Отзыв мой строг. Я пробую объяснить юноше, что беда не в технике: технически стихи оснащены неплохо. Но это чистая версификация, я не чувствую в ней дыхания жизни поэтов. Указываю, впрочем, достаточно придирчиво (менторски) и на некоторые недочеты технического порядка. Автор в жестокой обиде.

– Надя, – упрекает он, – вы нарочно говорите очень громко (это я-то с моим слабеньким голосом!) и поглядываете все на Есенина, чтоб он оценил, как вы умно разбираете стихи!

Я еле сдерживаю смех: вот как понято наше переглядывание! Отмечаю про себя, что моя влюбленность еще не породила устойчивой сплетни. И чтоб успокоить друга (я искренне считала Веню другом), соглашаюсь выйти с ним минут на десять на воздух. В зале и впрямь душно.
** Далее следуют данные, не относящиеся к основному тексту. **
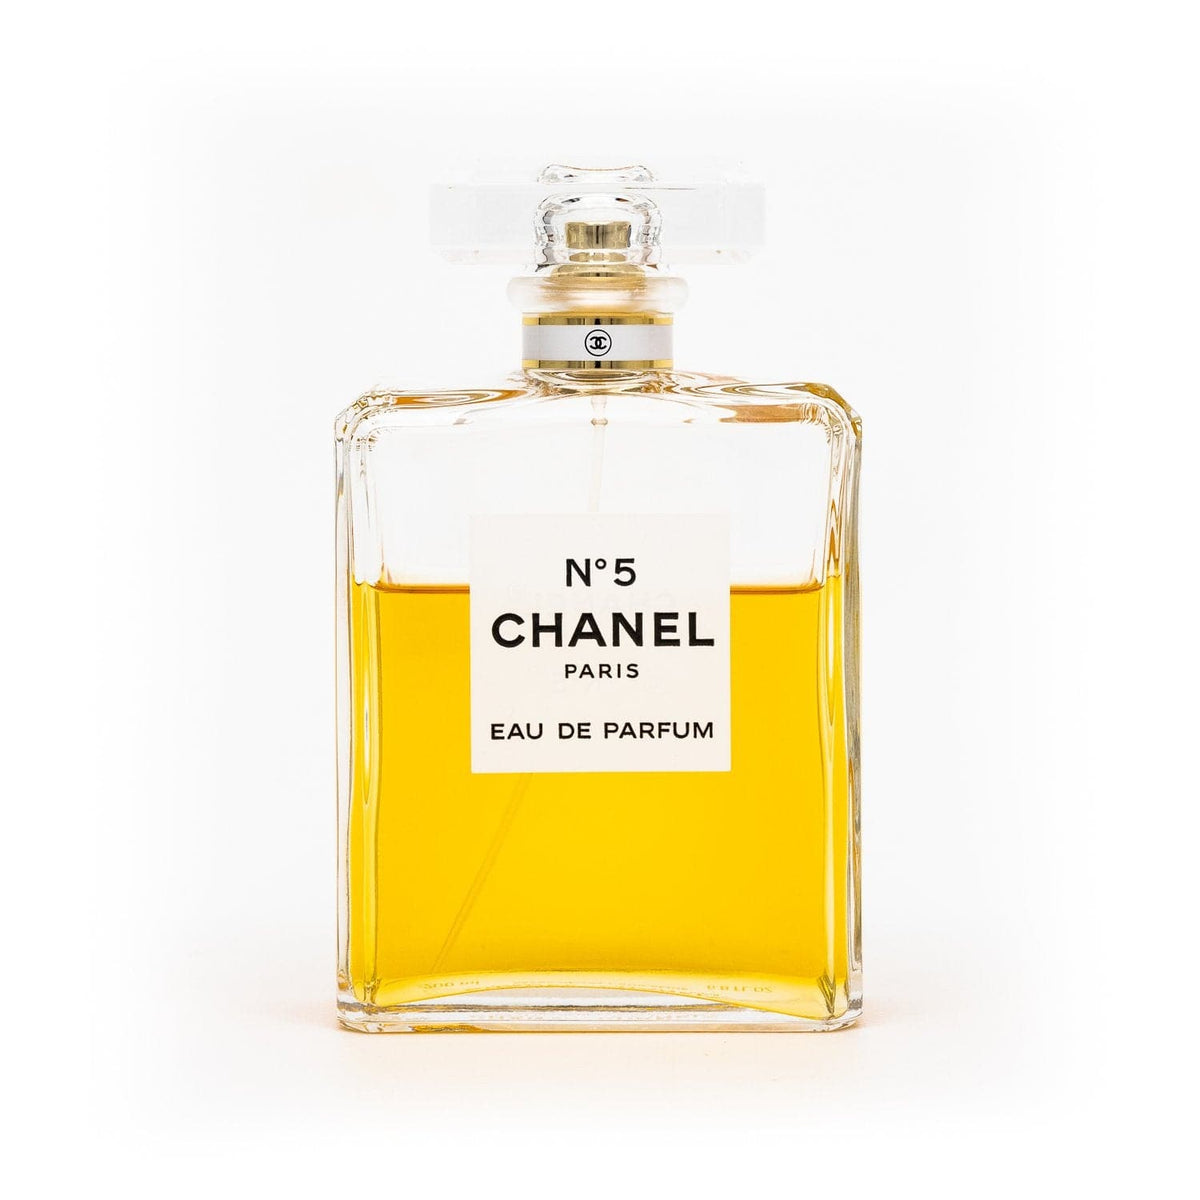 Chanel No.5 sample

Я в этот вечер – жаркий летний вечер двадцатого года – особенно явственно ощутила себя против Есенина девчонкой: такая же невзрослая девчонка, как Веня Зильбер кажется мальчиком против меня…

Наша «ложа»

Есенин вернулся из поездки по Украине: побывал в Харькове (в двадцатом году – столице республики), в других городах. За это время в Москве много нового. Открылась Литературная студия Наркомпроса, где читают Вячеслав Иванов, Андрей Белый, щедро делясь с молодежью наблюдениями и навыками… Приехала из Одессы шалая и очень даровитая поэтесса Аделина Адалис – Айя, как она себя зовет… Кружит головы молодежи доморощенная Аспасия – поэтесса Наталья Бенар. А у меня главная новость – приезд сестры, преспокойно водворившейся ко мне в комнату. Есенин стесняется при ней заходить ко мне, но, проводив до дому, не спешит проститься. Я живу на четвертом этаже. Медленно поднимаемся по отличной пологой лестнице. Третий этаж. Здесь усаживаемся на широком, низком подоконнике. Точно в ложе. И ведем нескончаемый разговор. Так уже много вечеров подряд.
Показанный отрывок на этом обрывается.